5. Regular Expressions A Regular Expression is a string composed of characters. It defines a pattern for searching and matching strings. many languages include Perl, PHP, Python, JavaScript, and JScript. Regular Expressions are supported to process text. Some text editors use regular expressions to implement advanced search-replace functions. one of the regular expressions I have come into contact with is the user name and password settings and the web page knowledge, so I also need to learn this part. here we mainly use three regular expressions.

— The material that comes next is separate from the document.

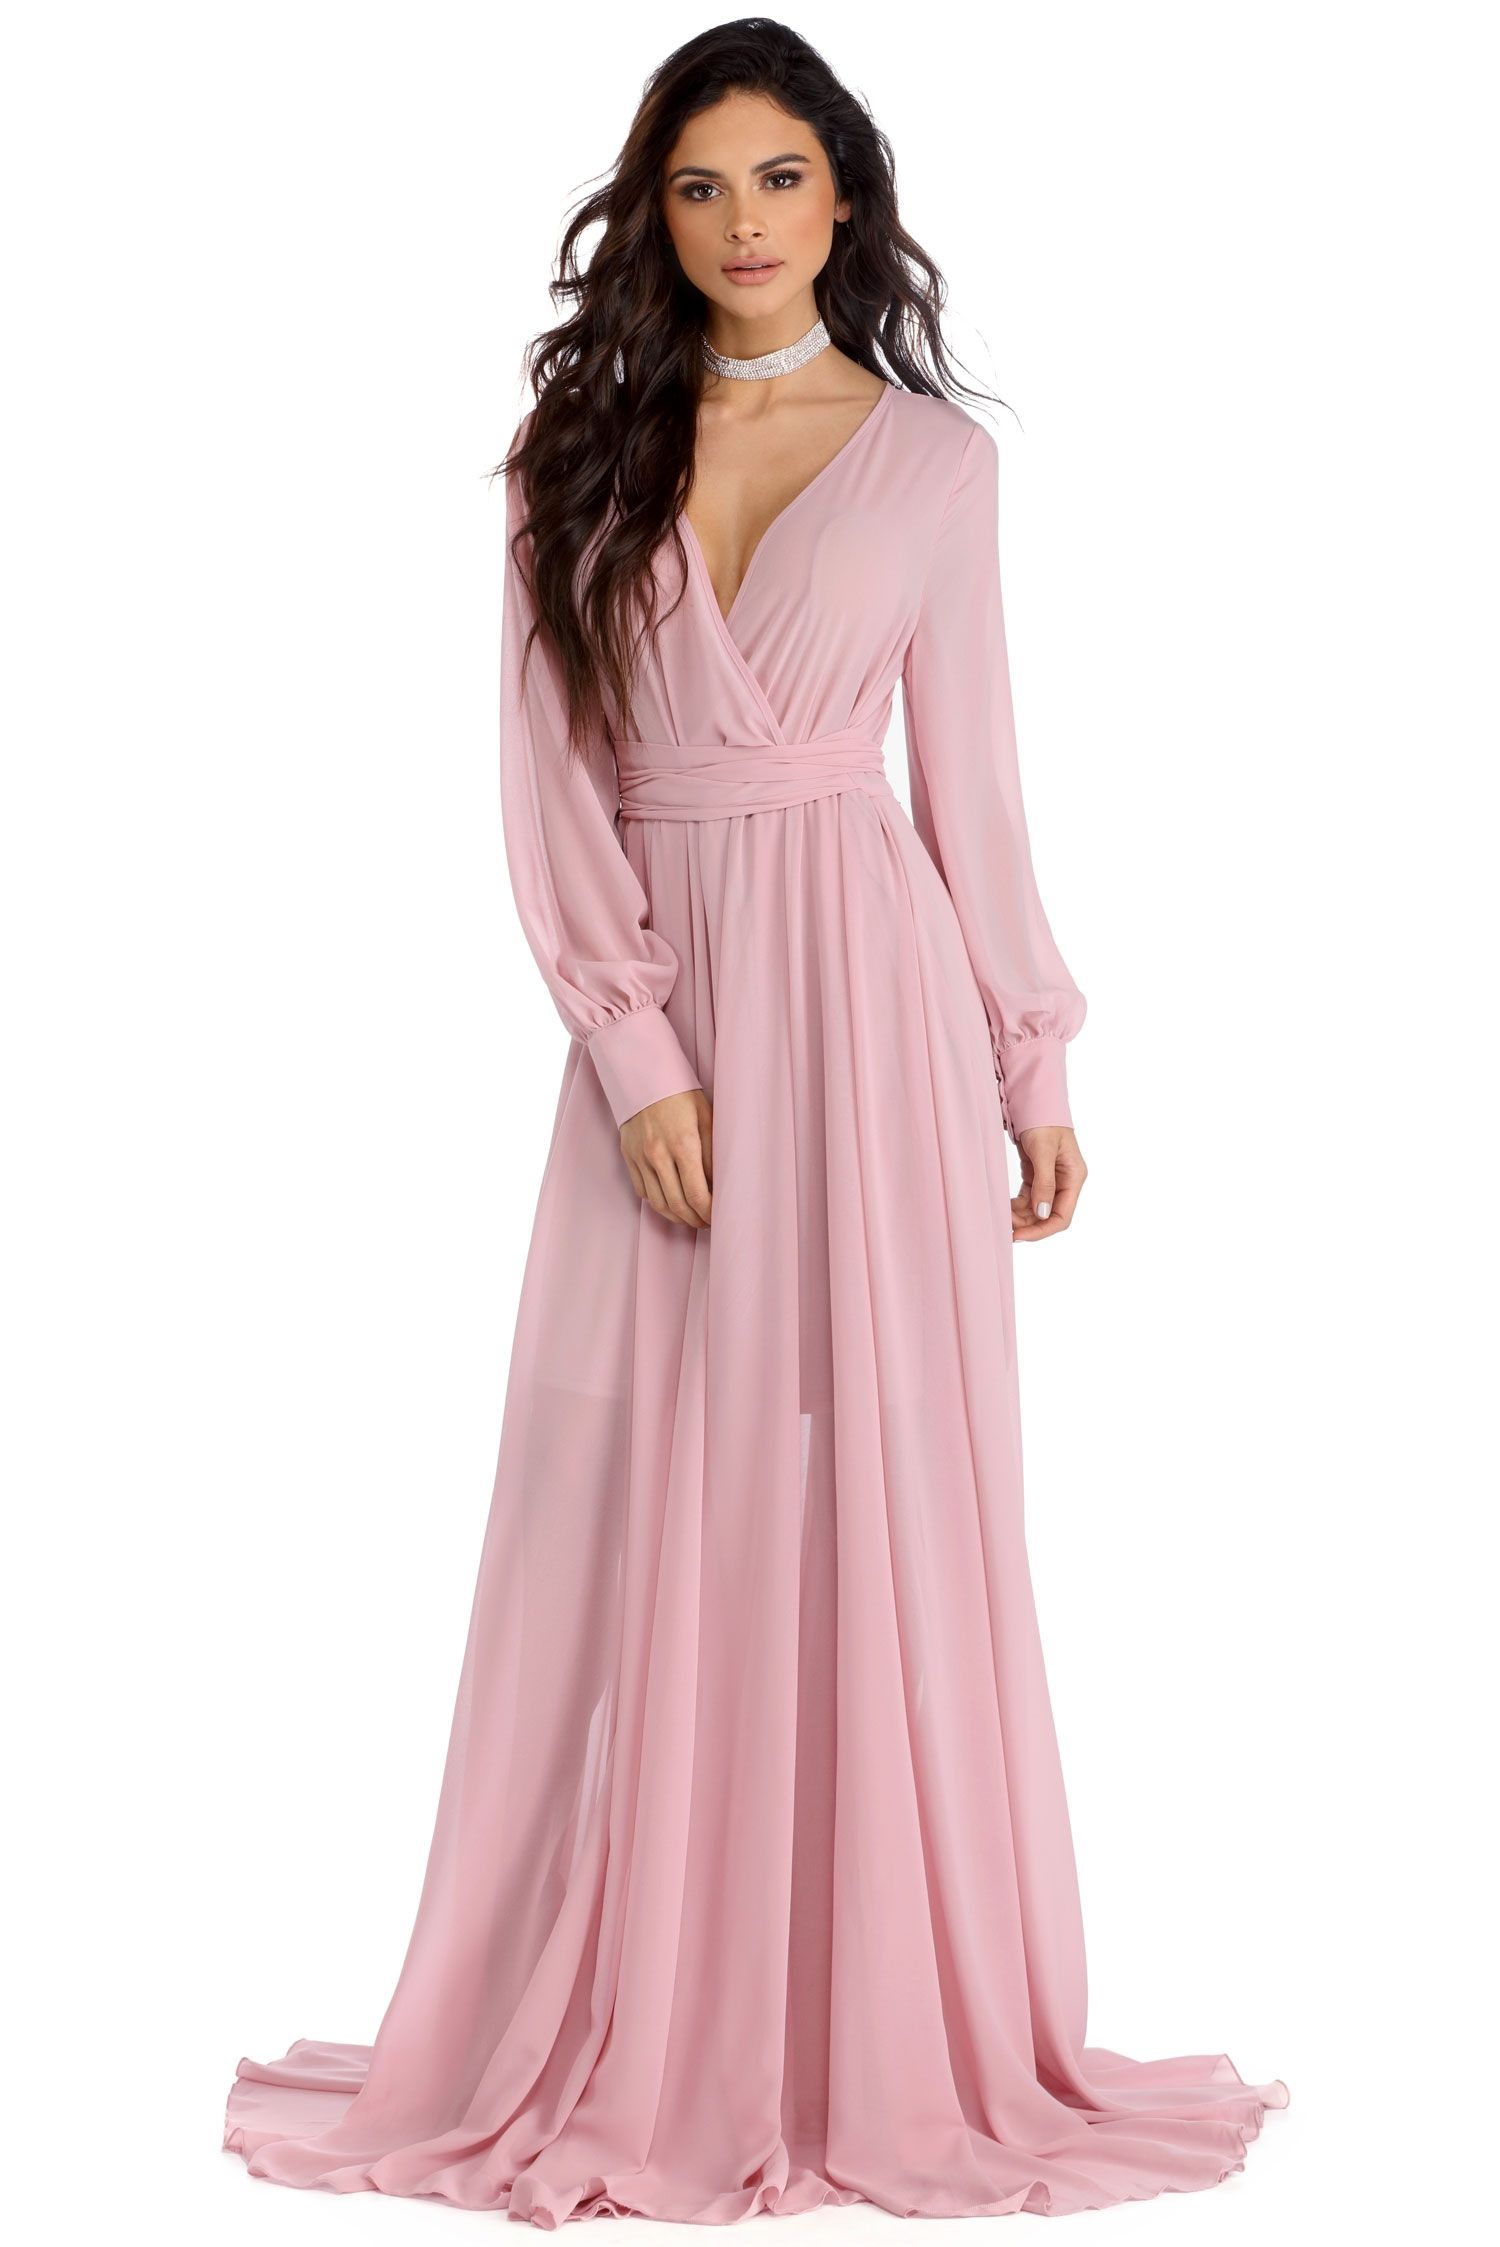 Charlotte Mauve Romance Dress | Wedding | Pinterest | Mauve ...

The following two codes are very useful:
1. Retrieve URLs of all images in HTML (Reference: http://blog.csdn.net/smeller/article/details/7108502)
/// <Summary> /// obtain the URL of all images in HTML /// </summary> /// <param name = "sHtmlText"> HTML code </param> /// <returns> image URL list </returns> public static string [] GetHtmlImageUrlList (string sHtmlText) {// define a regular expression to match the img Tag Regex regImg = new Regex (@ "] *? \ Bsrc [\ s \ t \ r \ n] * = [\ s \ t \ r \ n] * ["']? [\ S \ t \ r \ n] * (? [^ \ s \ t \ r \ n "" '<>] *) [^ <>] *? /? [\ S \ t \ r \ n] *> ", RegexOptions. ignoreCase); // search for the matched string MatchCollection matches = regImg. matches (sHtmlText); int I = 0; string [] sUrlList = new string [matches. count]; // obtain the Match list foreach (match in matches) {sUrlList [I ++] = Match. groups ["imgUrl"]. value;} return sUrlList ;}
2. Obtain the src path of the image and save it. (Reference: http://bbs.csdn.net/topics/320001867)

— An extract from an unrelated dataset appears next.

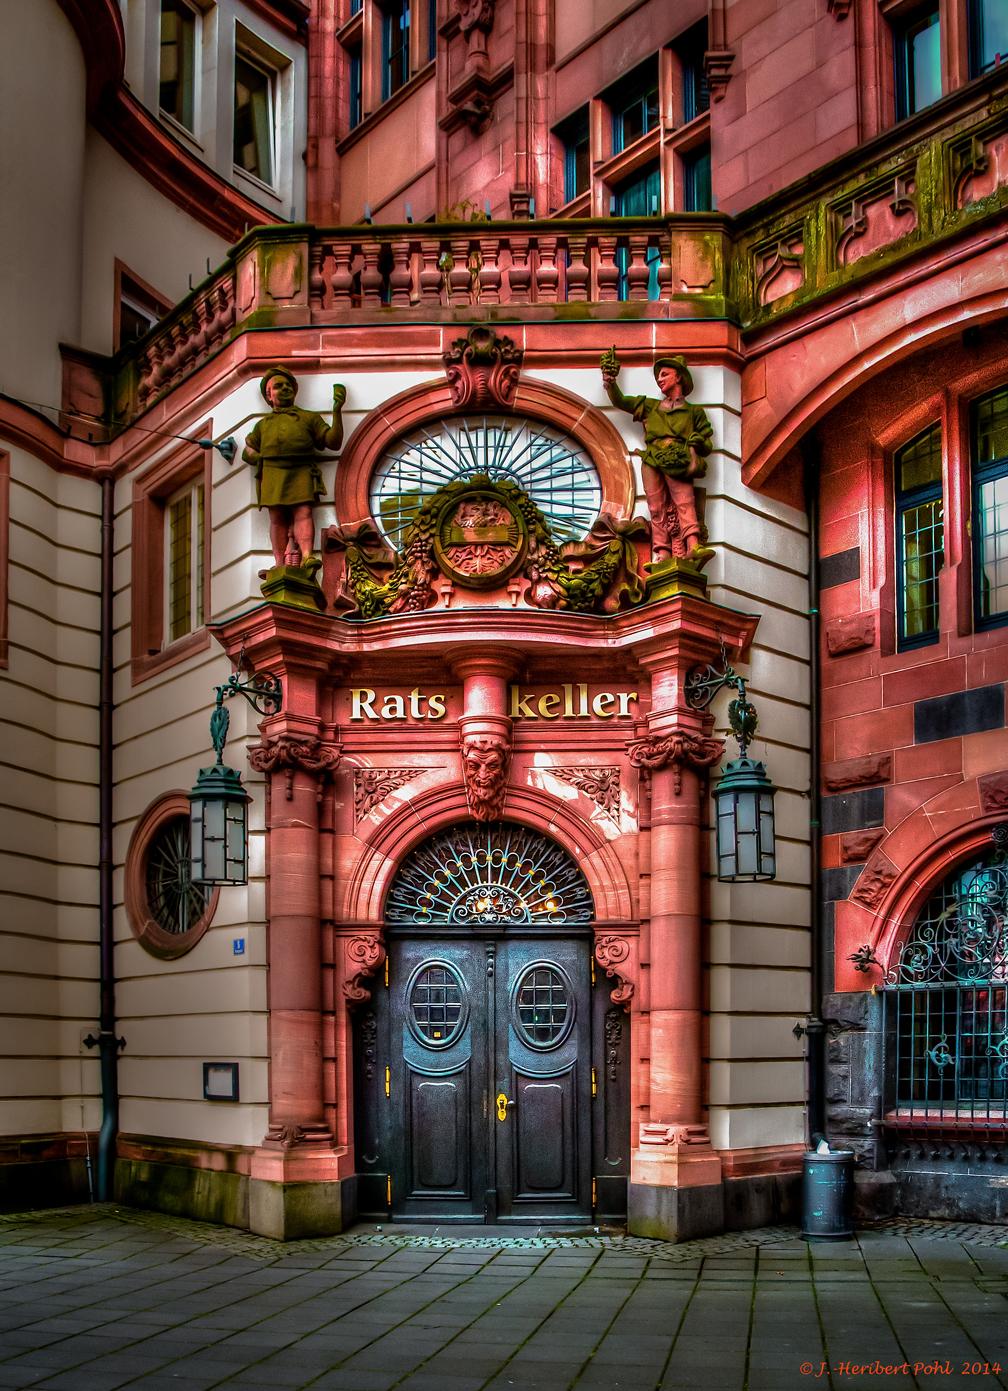 Ratskeller Entrance (photo by J. Herbert Pohl)

/// <Summary> /// obtain the image path and store it. /// </summary> /// <param name = "M_Content"> content to be retrieved </param >/// <returns> IList </returns> public static IList <string> GetPicPath (string M_Content) {IList <string> im = new List <string> (); // defines a generic character class Regex reg = new Regex (@ " [^ ""] *) "" [^>] *> ", RegexOptions. ignoreCase); MatchCollection mc = reg. matches (M_Content); // you can specify the string foreach (Match m in mc) {im. add (m. groups ["src"]. value);} return im ;}
Vi. Summary This article mainly explains how to obtain URLs and download images from web crawlers in C # network knowledge. It clearly tells you that you need to browse the Web page to obtain URLs first, at least obtain the HTML content of the webpage. Obtain the <A href> </A> content through A simple regular expression; if you want to download an image, you need to get the image URL get the src URL. After you download the image from this URL, you can use a regular expression to obtain the image, many download methods can be used. Here, file streams are used. It is best to use multiple threads and other batch download methods.(Free of charge: Http://download.csdn.net/detail/eastmount/6355125)

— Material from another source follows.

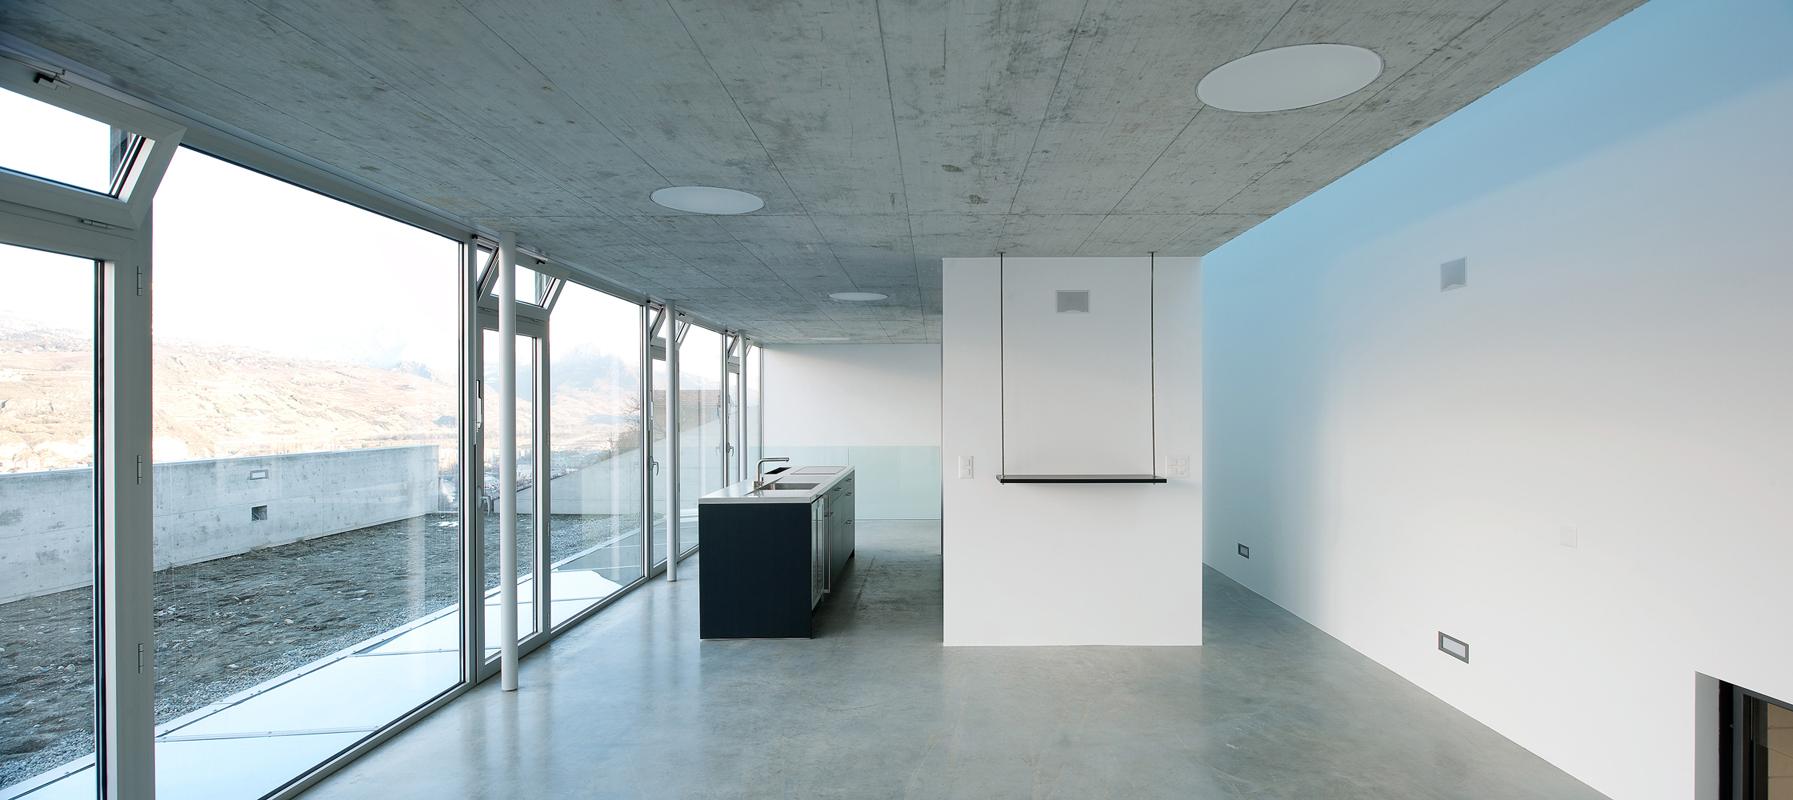 habitation pilloud - 2009 © Thomas Jantscher

This document mainly introduces some basic network knowledge. At the same time, I am constantly studying and explaining the two basic concepts of regular expressions and web pages. finally, I would like to thank the bloggers and some people on the website in this article. I hope this article will be helpful to everyone. If there are any errors or deficiencies in this article, please ask Hai Han.